Google filed a patient in 2003 describing how they might handle the issue of exact match domains getting better rankings in the search engine results compared to other sites. That patient was just approved.
There appears to be some strong evidence (at least at the local organic level) that Google has already started making changes in the SER based on discounting the value of a domain with an exact match domain name. We have several sites that have exact match keywords in the domain that we built more than 6 years ago. In the last few days, one fell from the first position for its exact match keyword, to the 11th position. This is a local site. None of our customer domains are using this strategy, just sites we built throughout the years for one reason or another.
We also have seen our non domain exact match sites move up, and in some cases significantly. This blog is a great example, as two days ago it was ranked number 11 under SEO in Denver, and today it is third. It should be noted we don’t do any specific SEO program to our site; we are just active on the Internet in natural places. No one spends 8 hours a week or month or year doing SEO work for the site.
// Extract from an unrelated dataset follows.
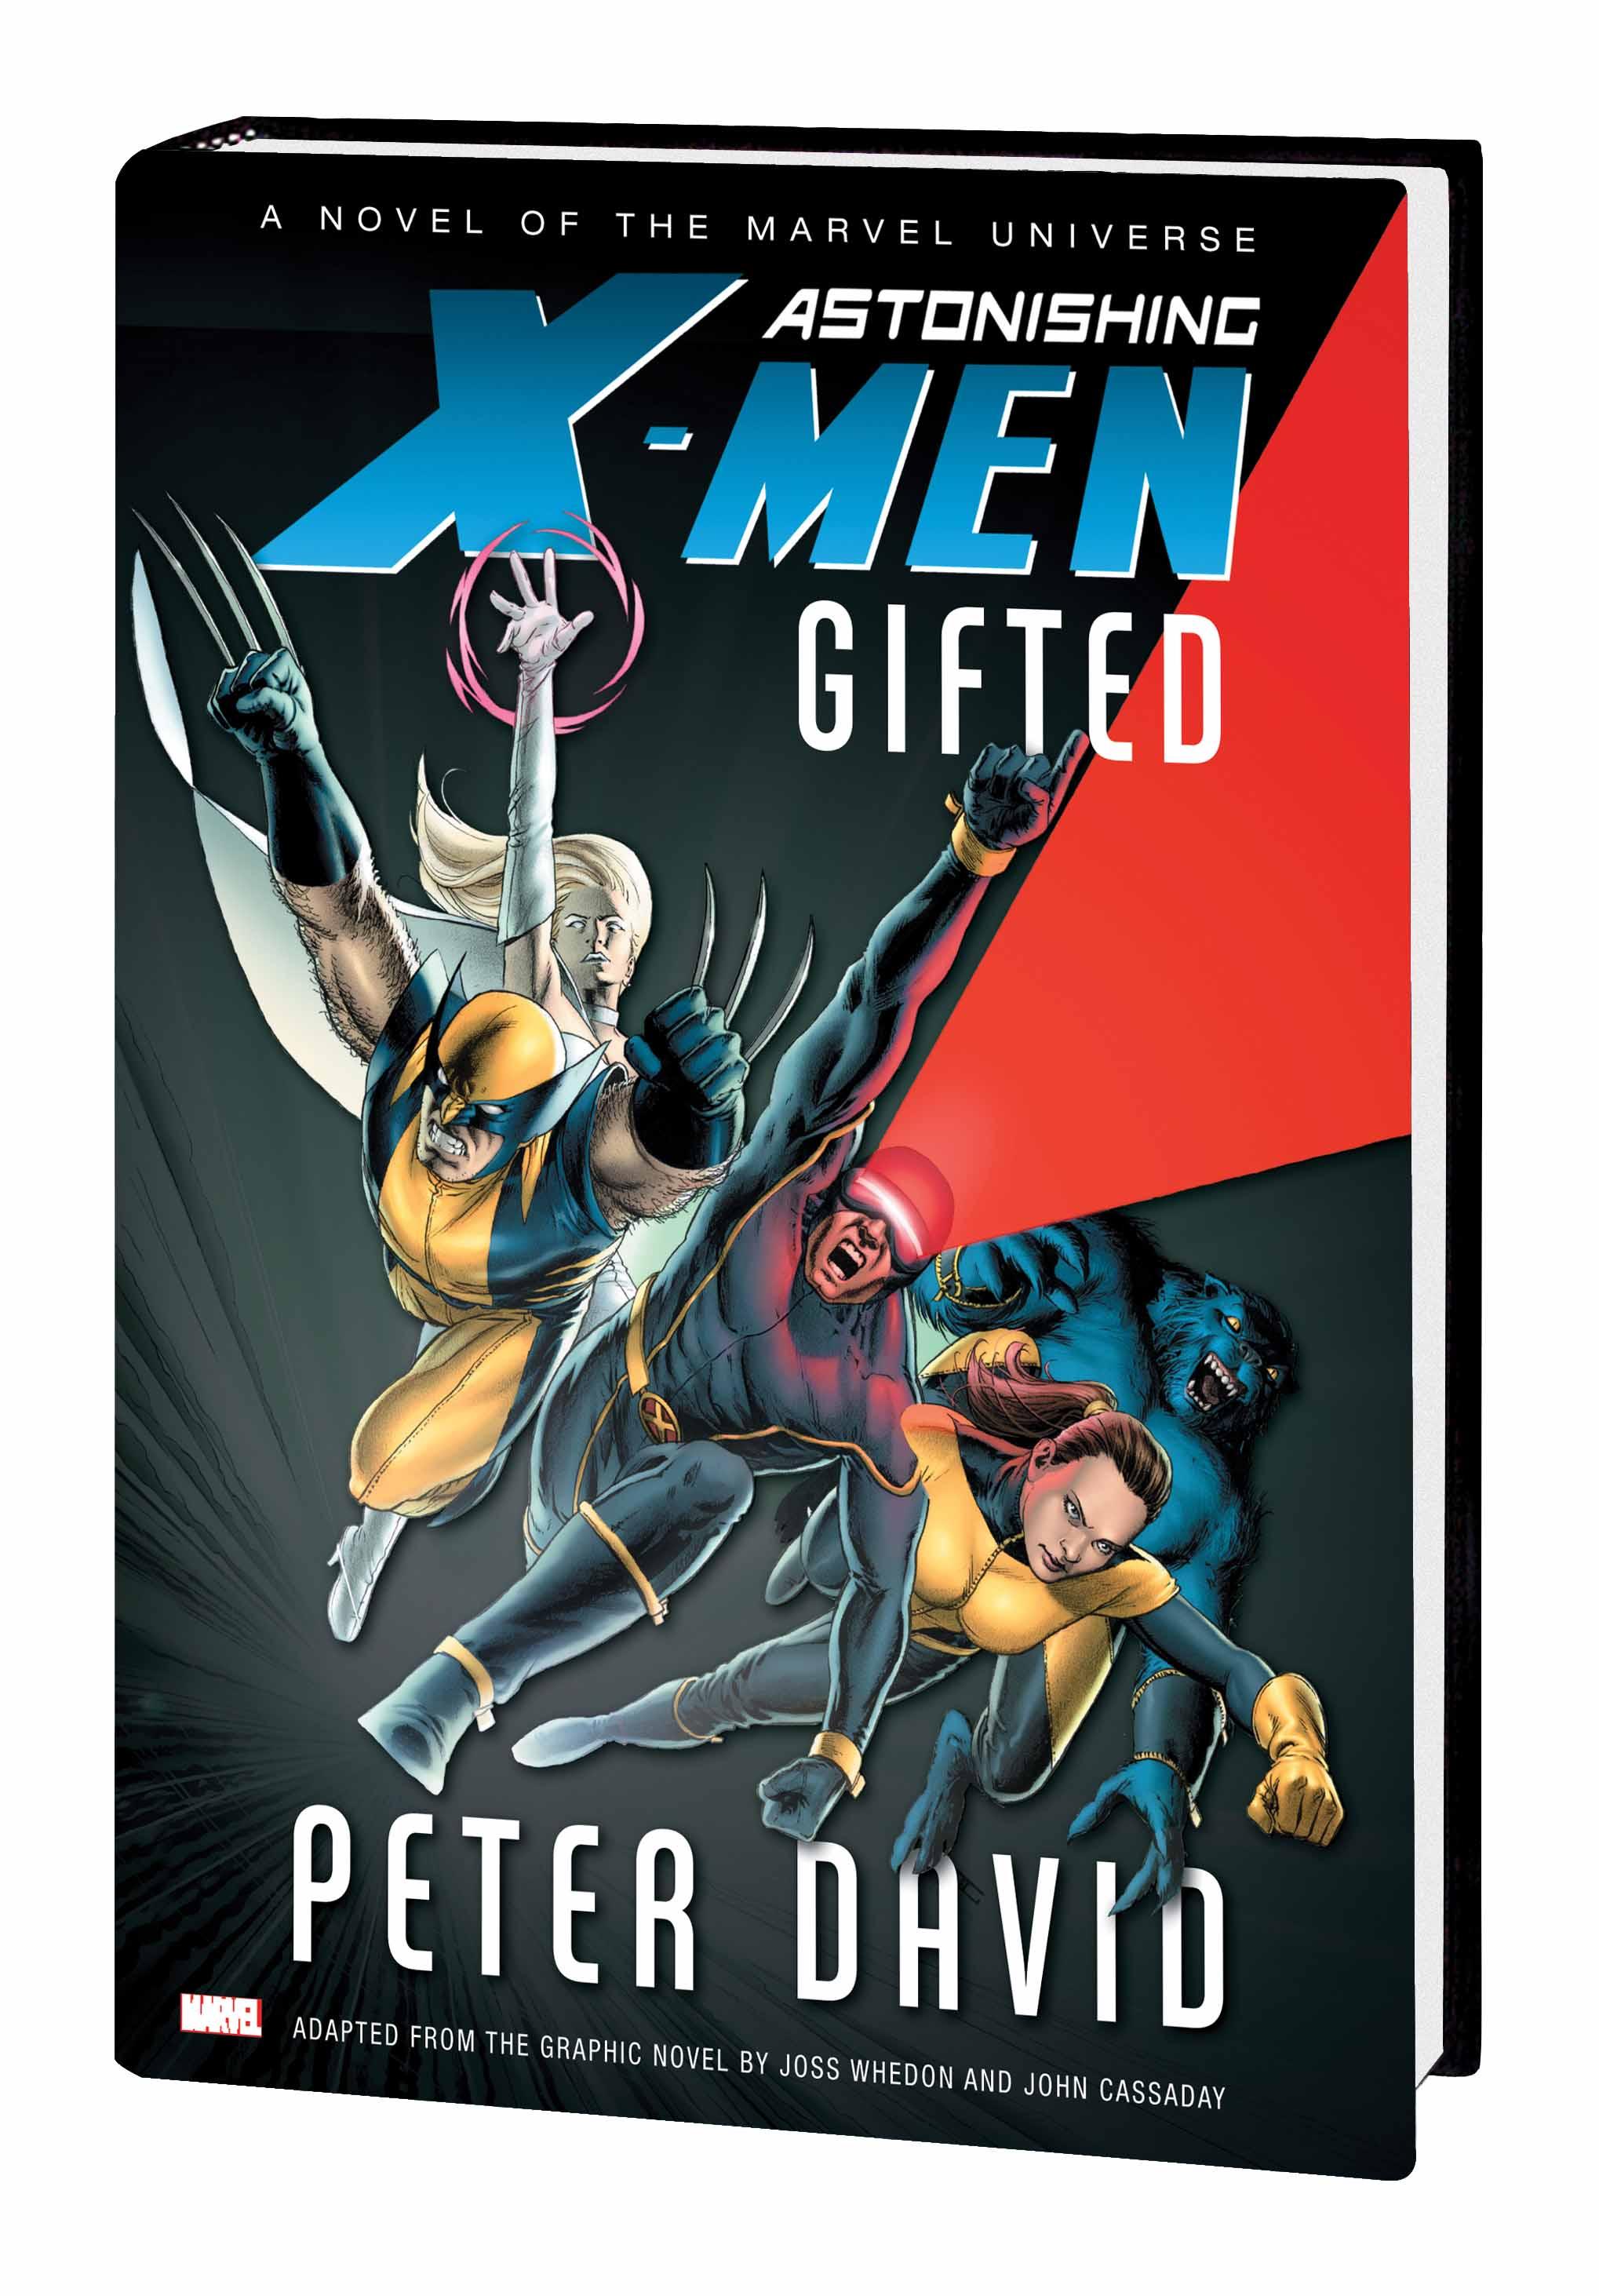 astonishing x-men gifted episode 1

Architecture of a Web crawler. (Photo credit: Wikipedia)
I would love to hear if you are seeing a change in your site based on exact match domain names. The fact that Google has made two major changes in the last two weeks that have also had a large effect on many local rankings will make this a little more difficult to figure out the old causation versus correlation of a change.
It also appears that this change has had no effect on the Google Maps results. It wouldn’t surprise me if we see the Maps rankings change some based on this as well, but the Google Maps listings have a tendency to follow organic changes after a period of time.